Wednesday, November 25, 2020

11/25/20: Wide-ranging opinion on a variety of trial and supervised release issues

In United States v. Rusnak, --- F.3d ---, No. 17-10137 (9th Cir. 2020), the Court affirmed a conviction for accessing, possessing, and distributing child pornography, vacated some of the supervised release, and remanded for further proceedings.

A few points worth noting"  

First, the Fourth Circuit has held that a criminal defendant may be entitled to a Franks hearing when the affiant who secured a search warrant makes statements at trial that contradict the warrant affidavit. See United States v. White, 850 F.3d 667, 673 (4th Cir. 2017).  Because the Court here found that the defendant waived his Franks argument, it did not decide whether the Ninth would join the Fourth.  So this is still an open issue of first impression. 

Second, on the issue of questioning outside the scope of direct examination, the Court reminds us: "'[a]n opening statement . . . cannot operate to place an issue in controversy.' And statements made outside the presence of the finder of fact are no different."

Third, the Court held, "[d]enying defendants the opportunity to redirect a witness regarding an improper testimonial statement introduced during cross-examination offends the Confrontation Clause."

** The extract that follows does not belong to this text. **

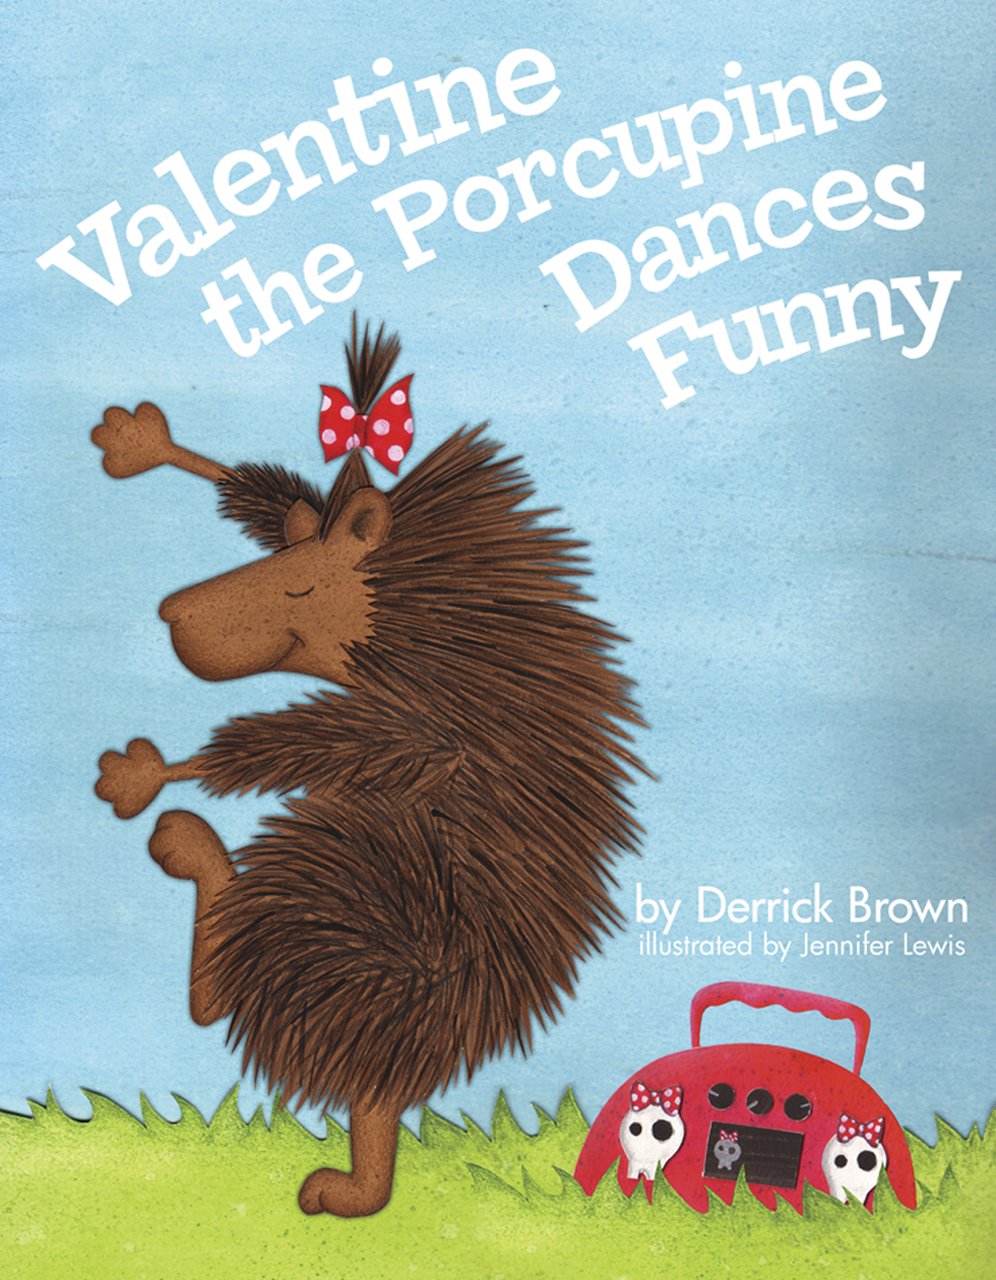 Valentine the Porcupine Dances Funny by Derrick C. Brown, Illustrated by Jennifer Lewis - Hardcover
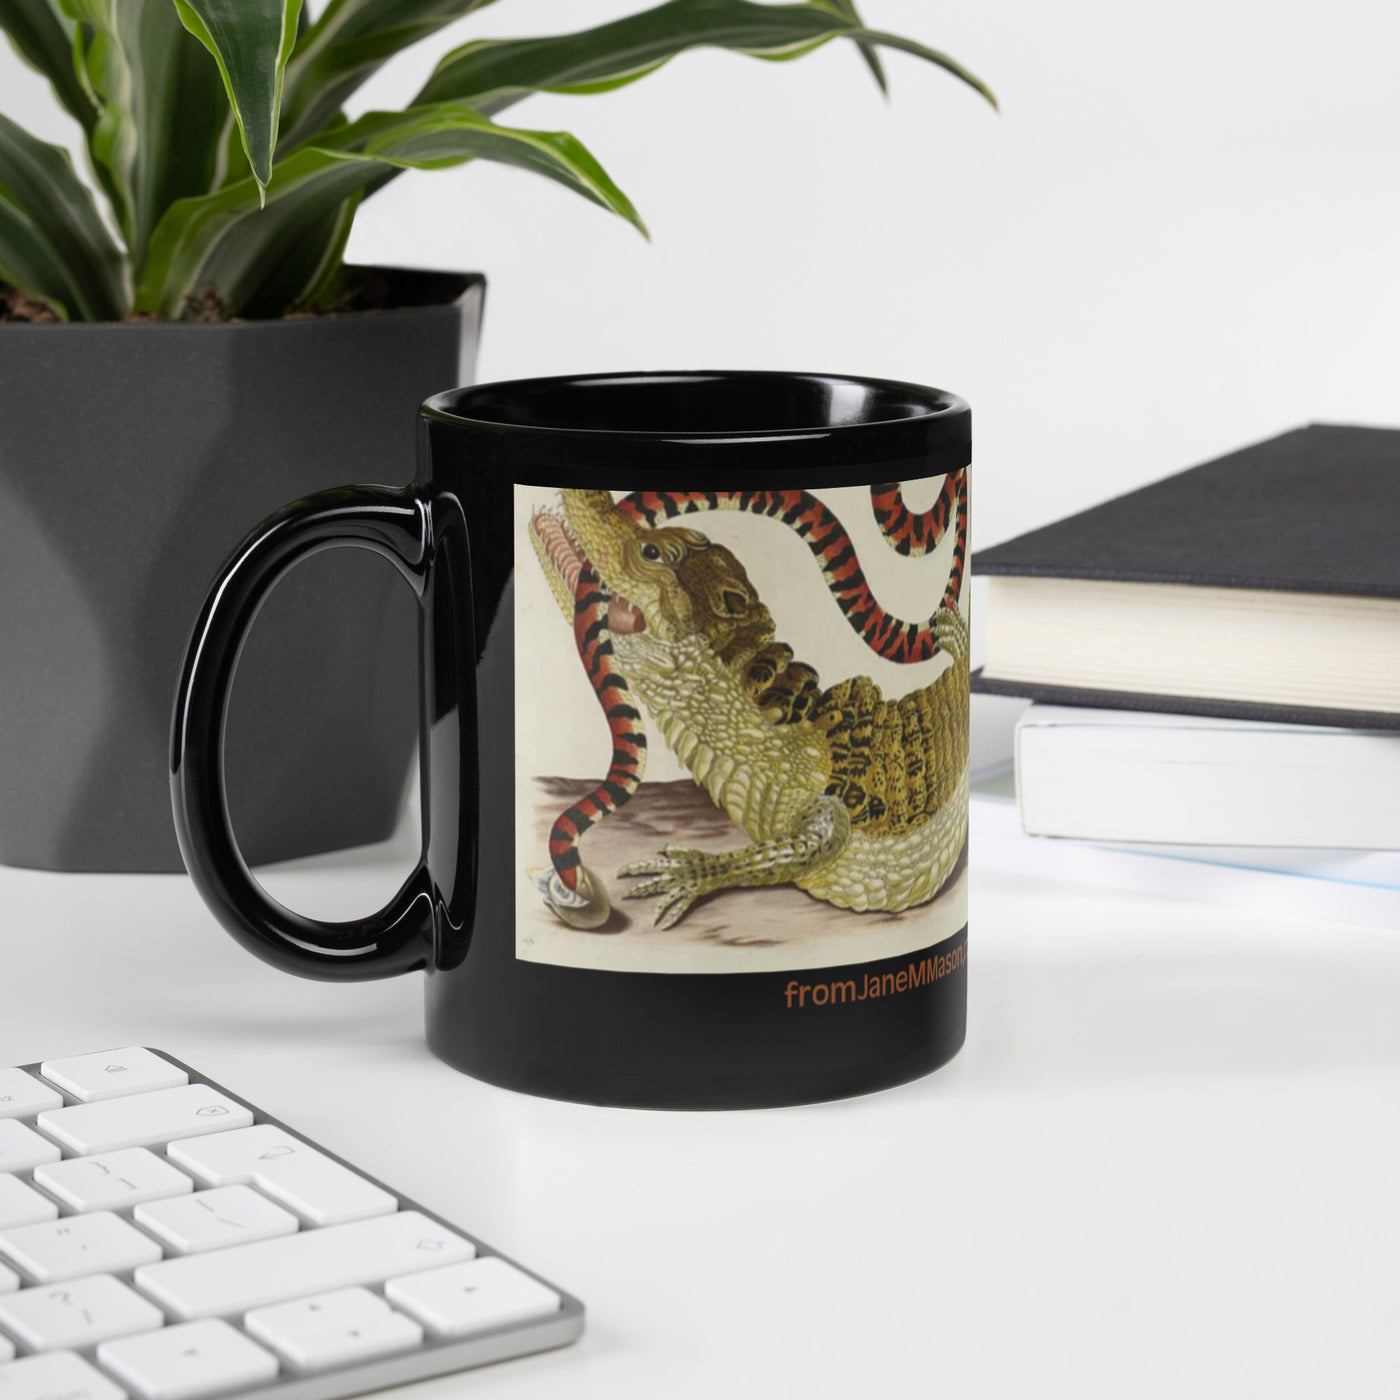  A black mug with black interior featuring an alligator wrestling with a large snake. Message is: Kindly wait until after my coffee. The painting is by Maria Sibylla Merian,  approx. 1650.

Fourth, the Court rejected "the Government’s argument that because Rusnak called [his wife] as a witness, her testimony necessarily could not offend the Confrontation Clause. The Government does not point to any case barring the application of Crawford and its progeny to witnesses called by defendants. Crawford repeatedly discusses '[t]estimonial statements of witnesses,' without drawing the distinction the Government seeks."

There is lots more in the opinion.  It is worth a read.